Fisher and Dayhoff meet Kimura and Bruno

It has been observed many times that mutations with small effect are more likely to be accepted than mutations with large effect. This is observed, for instance, in the standard substitution matrices created by Dayhoff and others, where the rate QIV of the conservative substitution from isoleucine to valine is much higher than the rate QCP for the non-conservative substitution from cysteine to proline. There was an inherent symmetry in these models; both isoleucine to valine and valine to isoleucine transitions would be fast, while both cysteine to proline and proline to cysteine substitutions would be rare. This seems a simple consequence of an argument first made by Fisher, who considered the focusing of a microscope; if the sample in the microscope was more or less in focus, turning the fine adjustment knob is much more likely to yield an improvement than turning the course adjustment knob. If you are near a fitness optimum, large steps will tend to move you away from the optimum, not nearer to the peak. Fisher than predicts that conservative substitutions, as they are more likely to cause a small change in the protein, are more likely to be accepted than non-conservative substitutions.

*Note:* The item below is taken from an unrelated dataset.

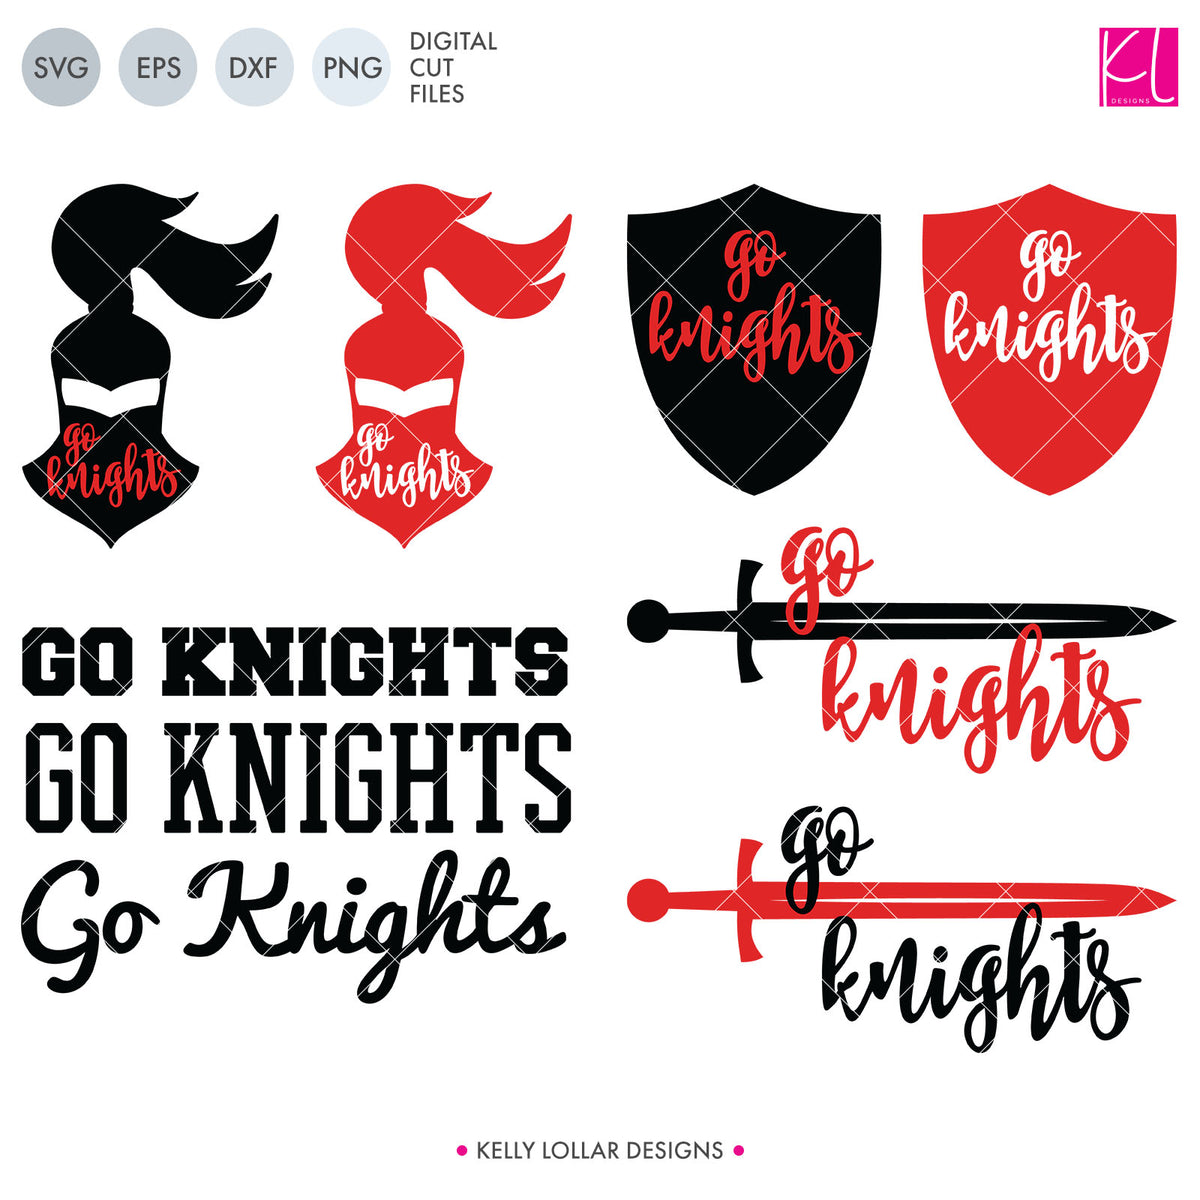 Knights Mascot Bundle | SVG DXF EPS PNG Cut Files

Protein biophysicists and bioinformaticians tend to see changes in amino acid not in terms of relative distance (how similar or dissimilar two amino acids are), but how they compare on an external scale, how appropriate the two different amino acids are for a given site. (This is, for instance, the principle behind hidden Markov models used to classify and cluster protein sequences.) In addition, this appropriateness is specific to each individual site, with locations preferring hydrophobic or helix-forming or aliphatic or specific amino acids depending upon structural and functional constraints. In contrast, standard substitution models (such as the Dayhoff matrix, as well as other popular models such as JTT, WAG, LG) generally assume that the same model applies at all locations in the protein at all points in evolutionary time (or consider a site-specific scaling factor, that does not affect relative rates).

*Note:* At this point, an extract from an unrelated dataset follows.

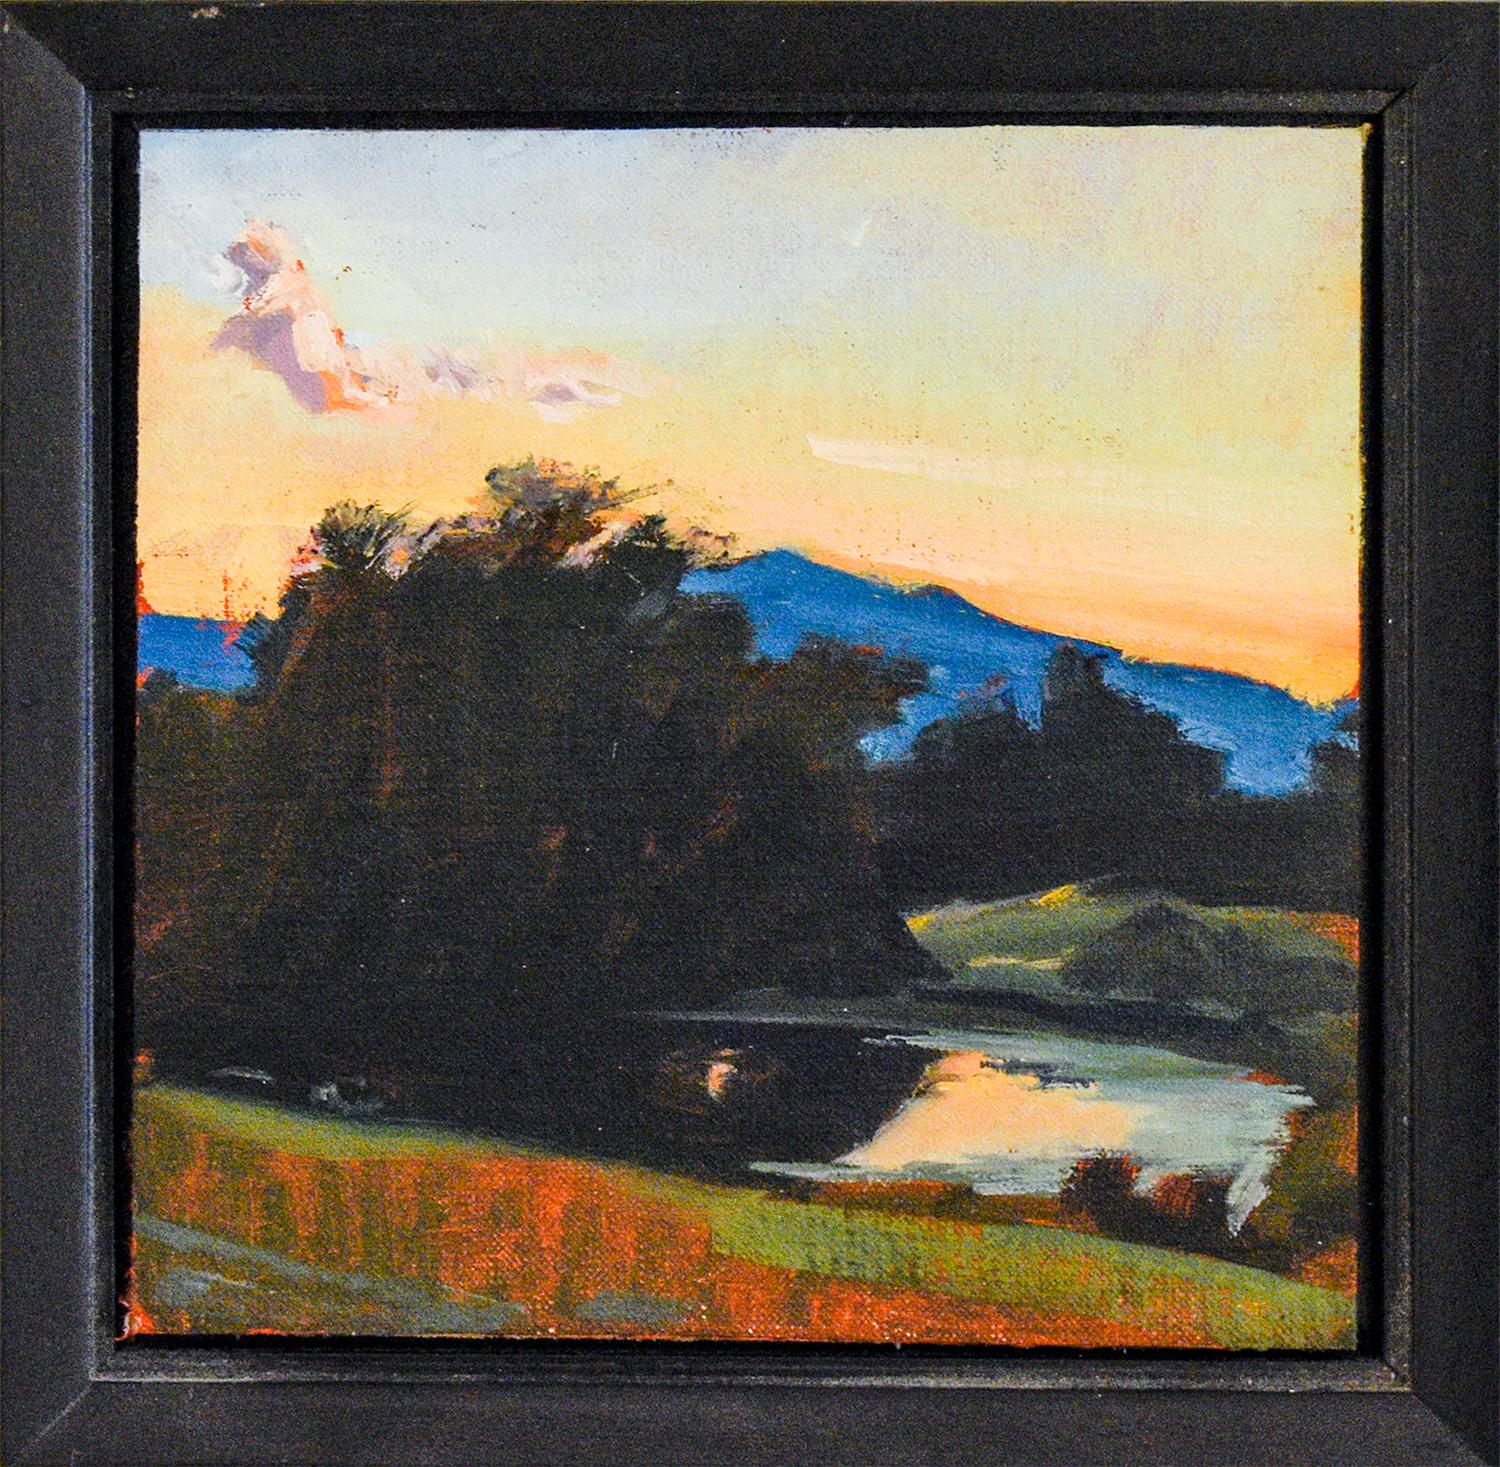 Autumn Landscape: Framed Hudson ValIey Impressionist En Plein Air Oil Painting

Bruno and collaborators developed this alternative conception in his mutation-selection models, by representing the substitution rate in terms of the mutational rate times the fixation probability dependent on the relative ‘fit’ between the amino acids at that position. In this model, conservative changes would be close to neutral, and would be accepted at rates similar to the neutral rate. Non-conservative substitutions that result in more significant changes in the protein would be either slower or faster, depending upon whether the changes result in deleterious or advantageous changes in the protein, using the fixation probability formalism of Kimura. As a result, if a non-conservative change from amino acid X to Y was highly deleterious, and thus was unlikely to be accepted, resulting in a very low substitution rate QXY, we would expect the non-conservative change from Y to X, QYX, to be substantially higher than neutral, not lower. Site-heterogeneity was explicitly included in these models, with the relative fitnesses of the amino acids defined at each location.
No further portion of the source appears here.